Addiction Solutions with Recovery -Oriented Systems of Care
Inspired by the growing grassroots movement of people successfully recovering from addiction and mental health problems, we are beginning to see fundamental transformation in our systems of addiction and mental health service delivery. When we attempted to treat addictions, notoriously chronic by nature, using an acute care model using brief bouts of intensive specialized treatment, we often experienced frustration when our patients relapsed requiring yet another expensive bout of intensive specialized treatment.
Patients suffering from other chronic diseases like diabetes, hypertension and atherosclerotic heart disease receive stepped, longer-term disease management beginning with specialized evaluation and stabilization then shifting to community-based supportive continuing care.

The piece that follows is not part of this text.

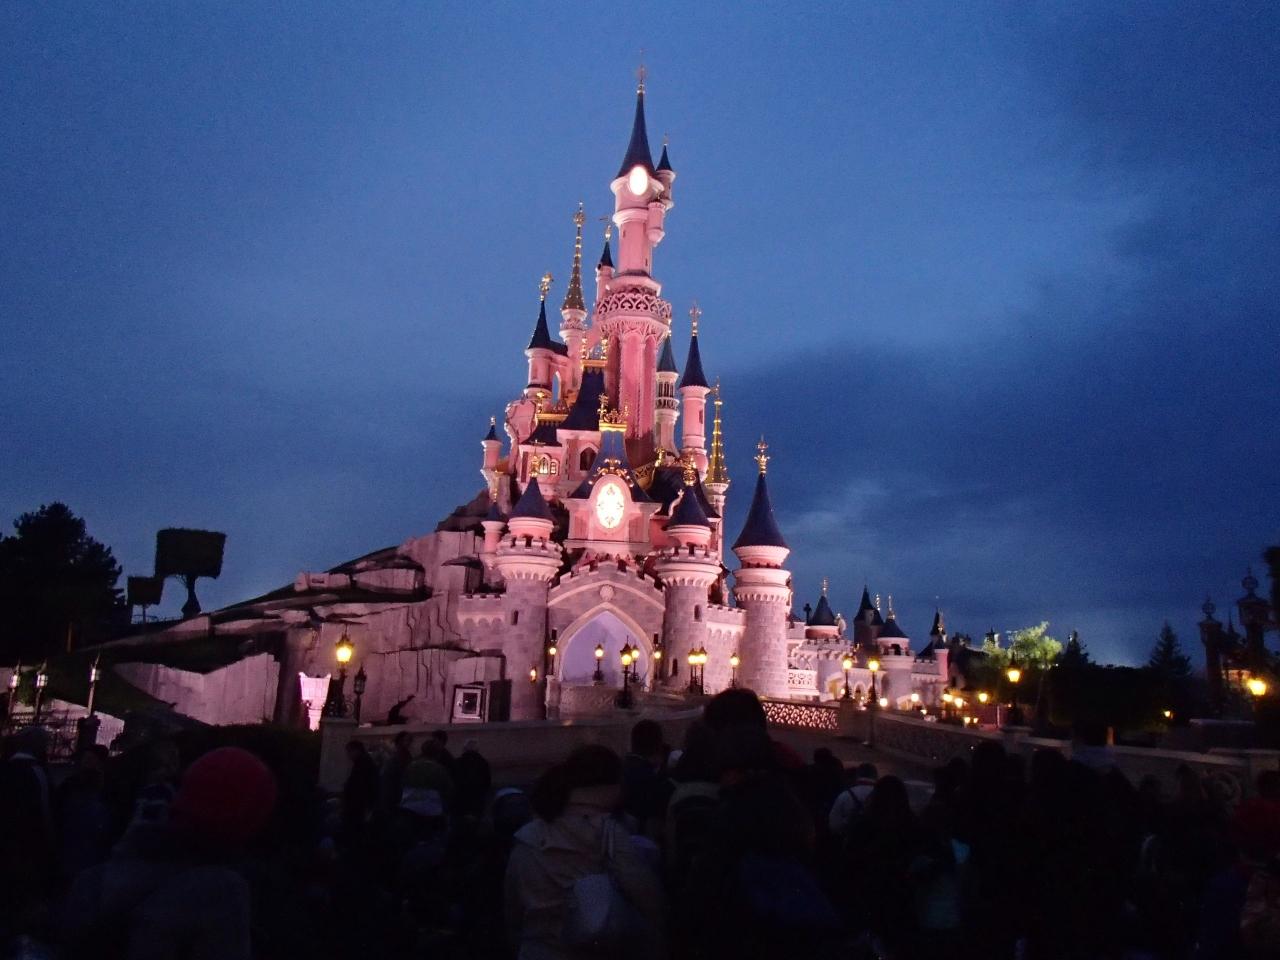 ディズニーランドパリの年パス購入&パリ観光』ディズニーランド

Addiction treatment programs with superior outcomes engage clients for a much longer period, understanding that initial intensive treatment (diagnostic assessment, stabilization, withdrawal management, motivation/ psycho-education, medication management) is merely initiation of recovery, or the beginning of the journey. They engage their clients using motivational interventions, utilize community and family reinforcement techniques, assertively link their clients to mutual support groups, and arrange for monitoring using contingency management and offer family education and support programs.
What is Recovery from addiction?
If we are going to transition towards a Recovery-Oriented System of Care (ROSC) we must shift from mostly crisis oriented, deficit-focused, professionally directed treatment towards Recovery Management: stepped continuing care, client-centered, strength-based services – delivered mostly in the community. When our newly recovering clients encounter volunteer recovering peers they experience hope as they see that their own recovery is attainable along multiple pathways and that life in recovery is worth working for. Recovering volunteers and trained paraprofessional recovery coaches along with primary healthcare professionals provide long-term community-based support following a clear set of values and principles.
Recovery homes, schools and workplaces provide longer term supportive stability for those months of fragile early recovery.
Relapse is interpreted as an indicator of insufficient current coping skills and community support (Recovery Capital) rather than simply patient resistance or voluntary non-compliance. Ongoing accountability and support is achieved through telephonic follow-up, online and electronic supports and recovery recheck visits with case managers and primary healthcare providers.
Making the shift to ROSC is worth the effort. Benefits are seen not only in clients and their families, but also in improved morale and performance of agency staff as they implement the principles and values of recovery.